Начальник строго на него воззрился.
– Это вы бежали от своих родителей?
Юра стал объяснять, что это недоразумение, что он ехал с согласия родителей, но начальник стоял на своем, говорил, что-де мать звонила из Берлина и что, одним словом, решено отправить Юру в Берлин.
– Кстати, через полчаса идет поезд.
Юра удивился.
– Как, разве это поезд на Берлин? А мне сказали, что в 8.30 отправляется поезд на Москву. Да, в 8.30 утра, а в 8.30 вечера – на Берлин.
Оказалось, что, проспав день и проснувшись в сумерках, Юра решил, что проспал также и ночь, и поэтому чуть-чуть не попал в обратный поезд. Теперь ему хотелось как можно скорее «смыться» из комендатуры, и он сказал, что идет посмотреть – не пришел ли поезд.
Выйдя на перрон, он постарался незаметно пробраться к выходу и вышел на улицу, а потом добрался и до своего диванчика в швейцарской. Денег у него оставалось мало, но швейцар вошел в его бедственное положение и позволил ему переночевать. Половину ночи какие-то подозрительные типы дулись в той же швейцарской в карты, а под утро Юра наконец уснул. В 8:20 утра он отбыл благополучно, причем носильщик, который накануне давал ему справку, сообщил ему, что багаж его задержан на польской пограничной станции Столбцах.
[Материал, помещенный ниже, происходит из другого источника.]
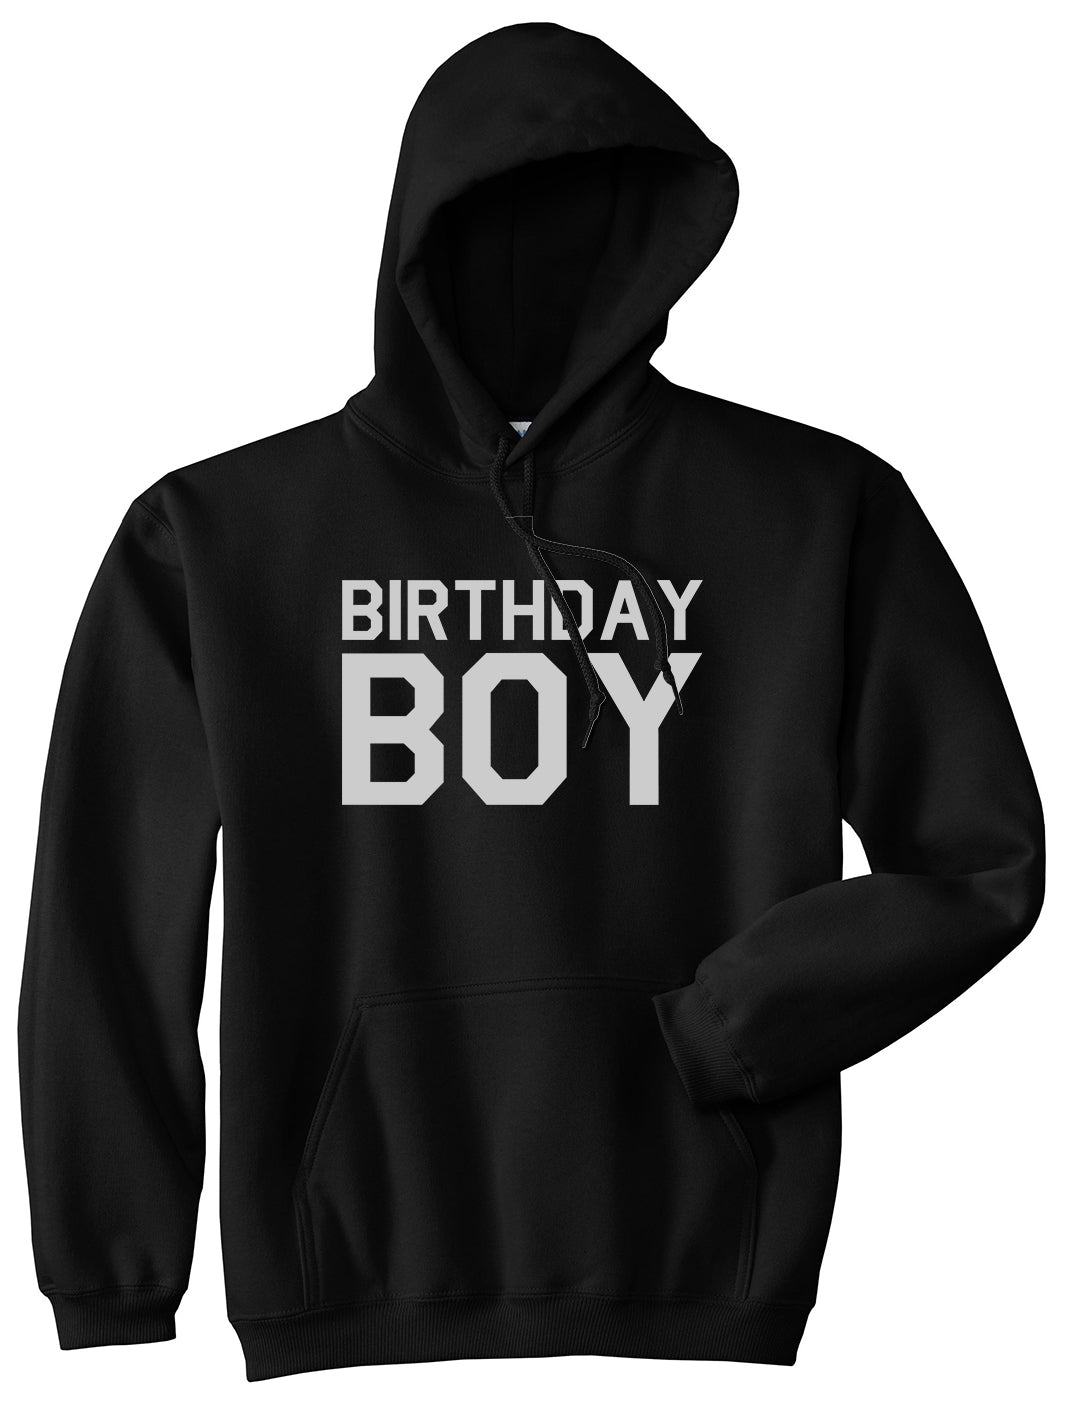 Birthday Boy Black Pullover Hoodie by Kings Of NY

Поезд в Столбцах стоит недолго, так что я до сих пор диву даюсь, как это тринадцатилетний мальчик успел сбегать за этот короткий промежуток времени на станцию, объяснить, в чем дело, получить чемоданы и втащить их в вагон. Юра рассказывал, что последний чемодан он уже втаскивал на ходу, когда поезд начал медленно двигаться.
Жена Пудовкина, которая приехала в Москву на сутки раньше Юры и которая не заметила его внезапного исчезновения, не могла никак успокоить встревоженного Ивана Лукьяновича, когда тот, получив мою телеграмму о том, что Юра застрял в Варшаве и чтобы он навел справки у Пудовкиной, разыскал ее по телефонной книге где-то в Замоскворечье. Ей и в голову не пришло во время пути хоть раз заглянуть в соседнее купе.
Через полтора месяца каникулы кончились, но я никак не могла добиться, чтобы Юра вернулся в Берлин. Между мужем и мной велась по этому поводу частая и энергичная переписка; он чуть ли не ежедневно обивал пороги Наркомвнешторга, я, в свою очередь, теребила местком, но как-то все получалось так, что выезжавшие из Москвы за границу служащие или не хотели, или не могли взять Юру на свой паспорт.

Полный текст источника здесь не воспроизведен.